:: Data records ::
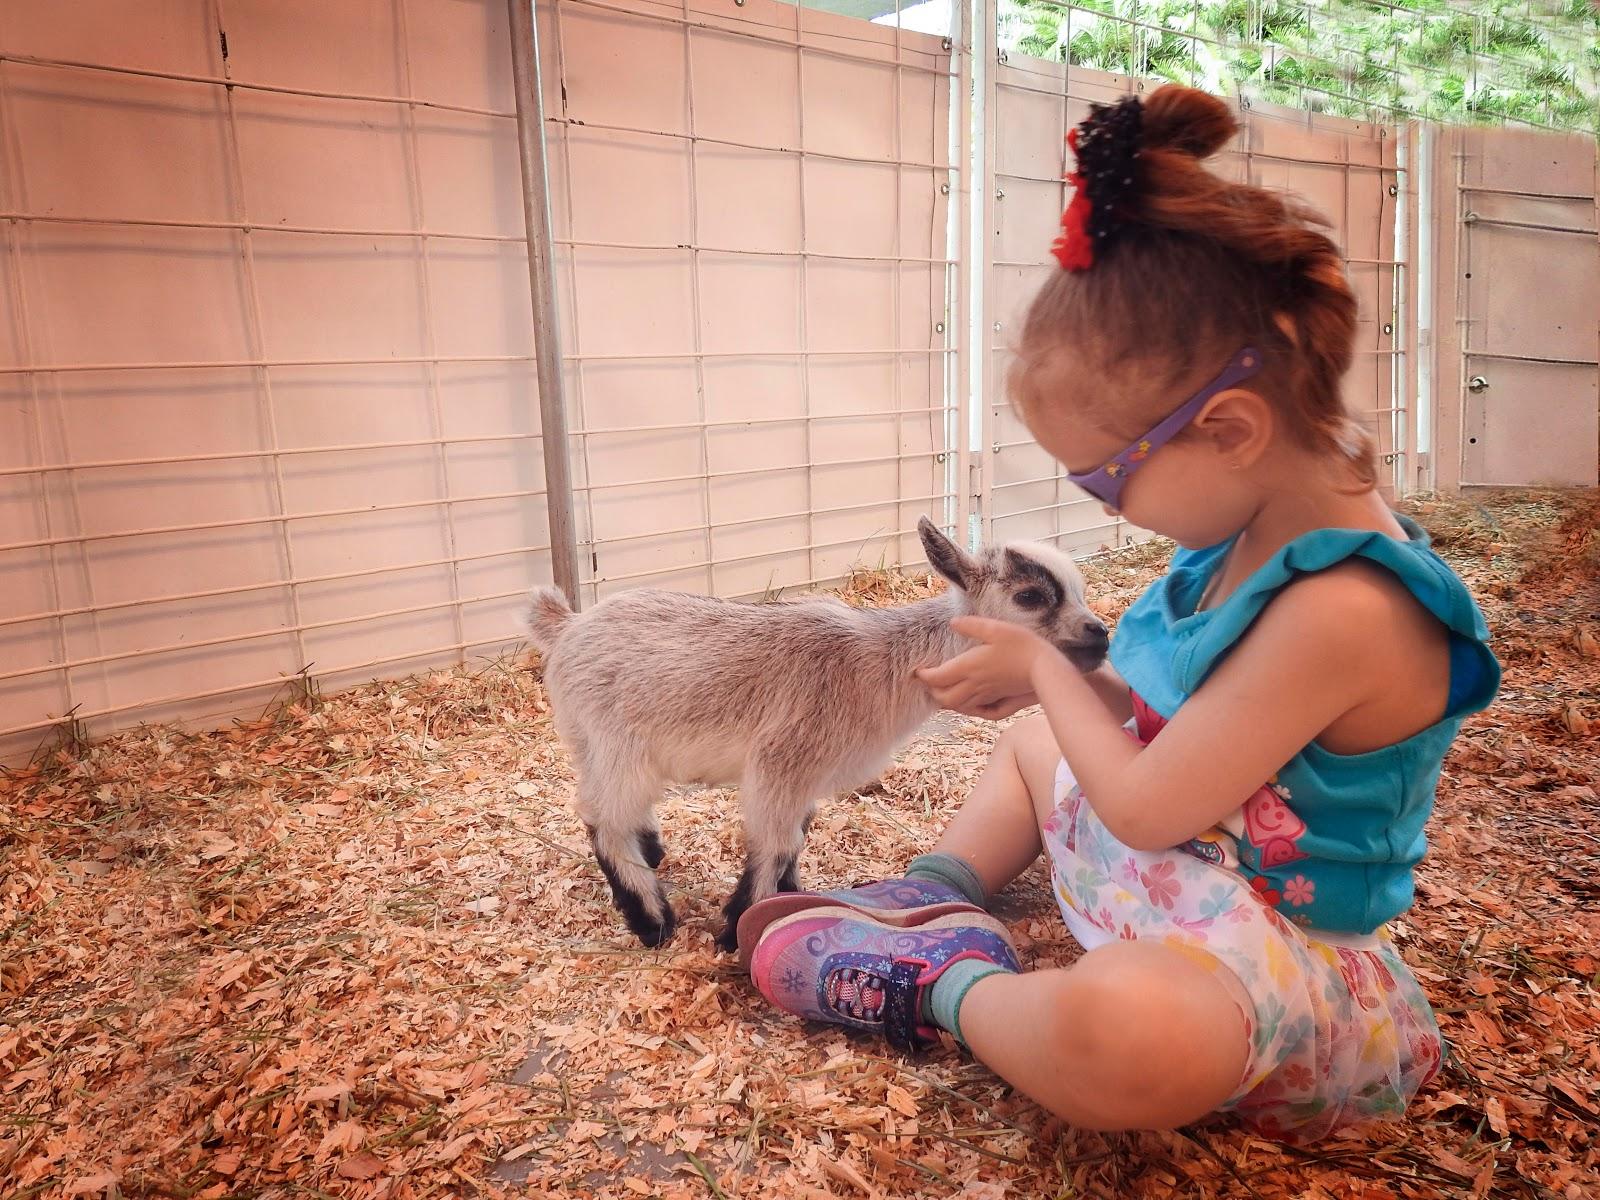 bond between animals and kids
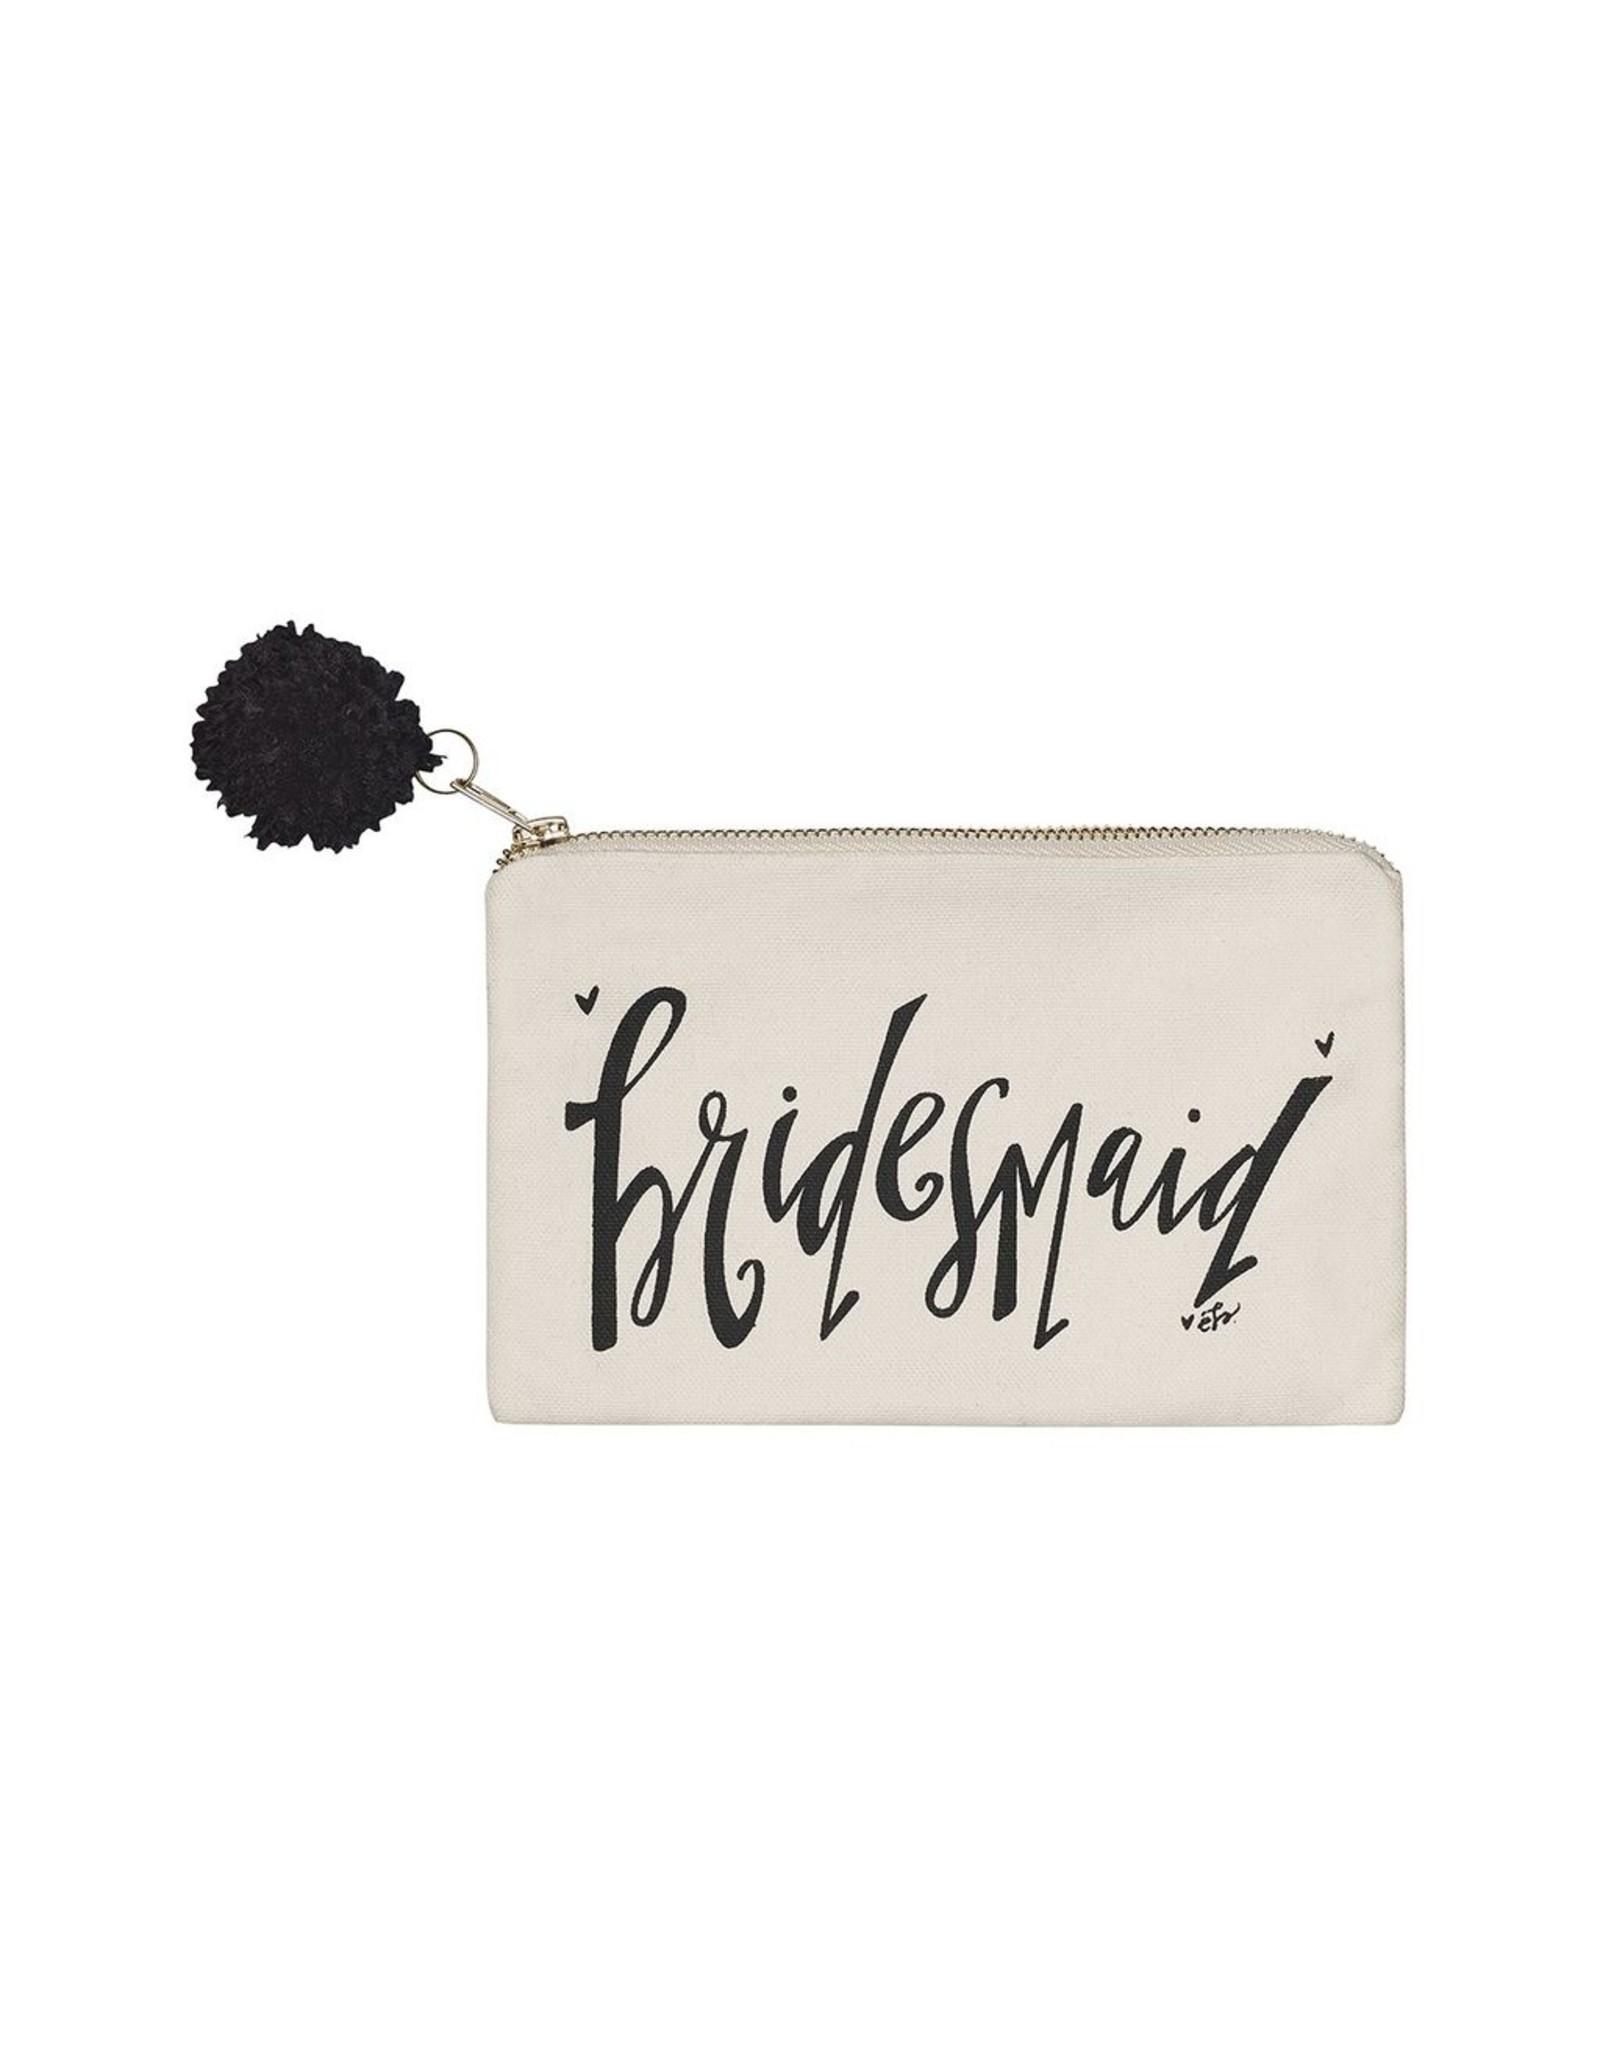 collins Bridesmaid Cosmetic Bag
---
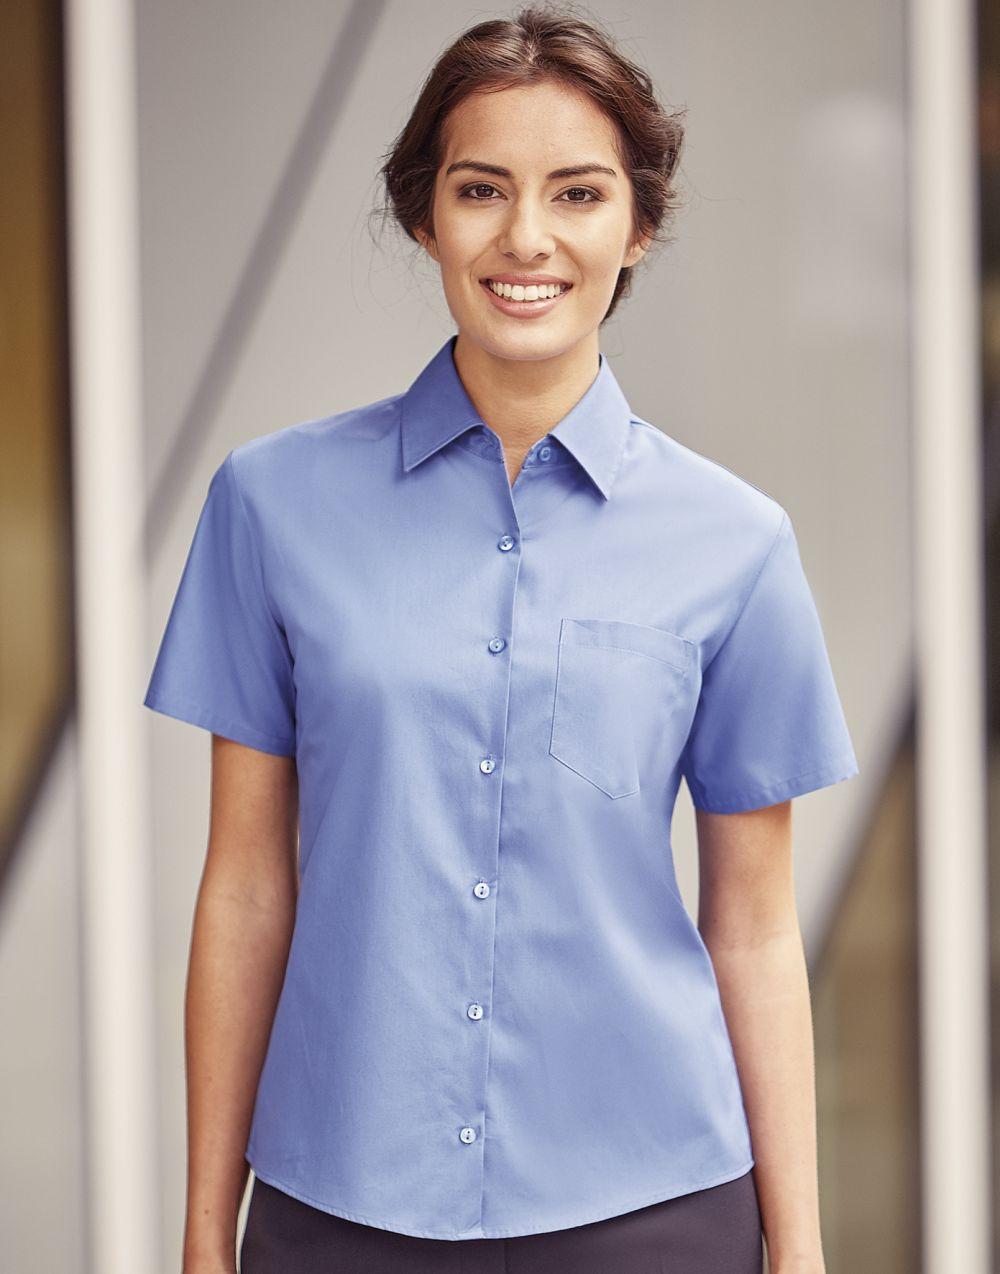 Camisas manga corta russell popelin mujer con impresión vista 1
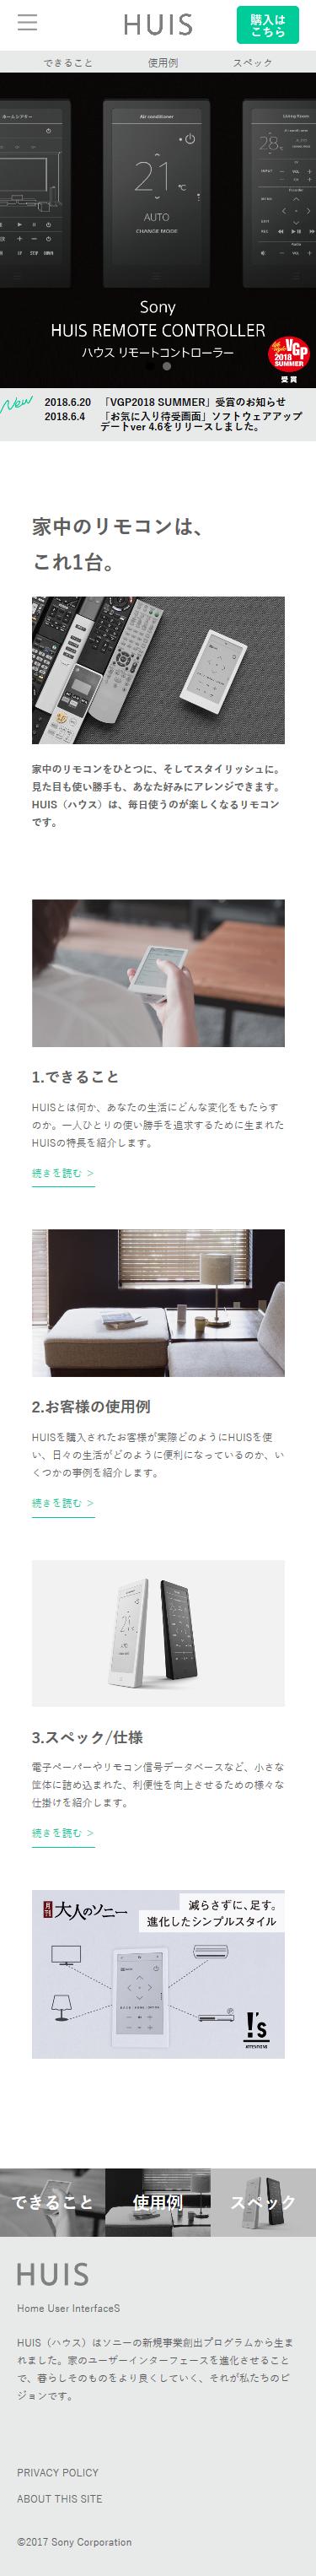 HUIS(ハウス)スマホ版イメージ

:: The problem ::
What are the lines above from the one with "Camisas manga corta" to the one with "HUIS(ハウス)スマホ版イメージ", both included? Reproduce them exactly, without pictures.

:: Response area ::
 Camisas manga corta russell popelin mujer con impresión vista 1
 HUIS(ハウス)スマホ版イメージ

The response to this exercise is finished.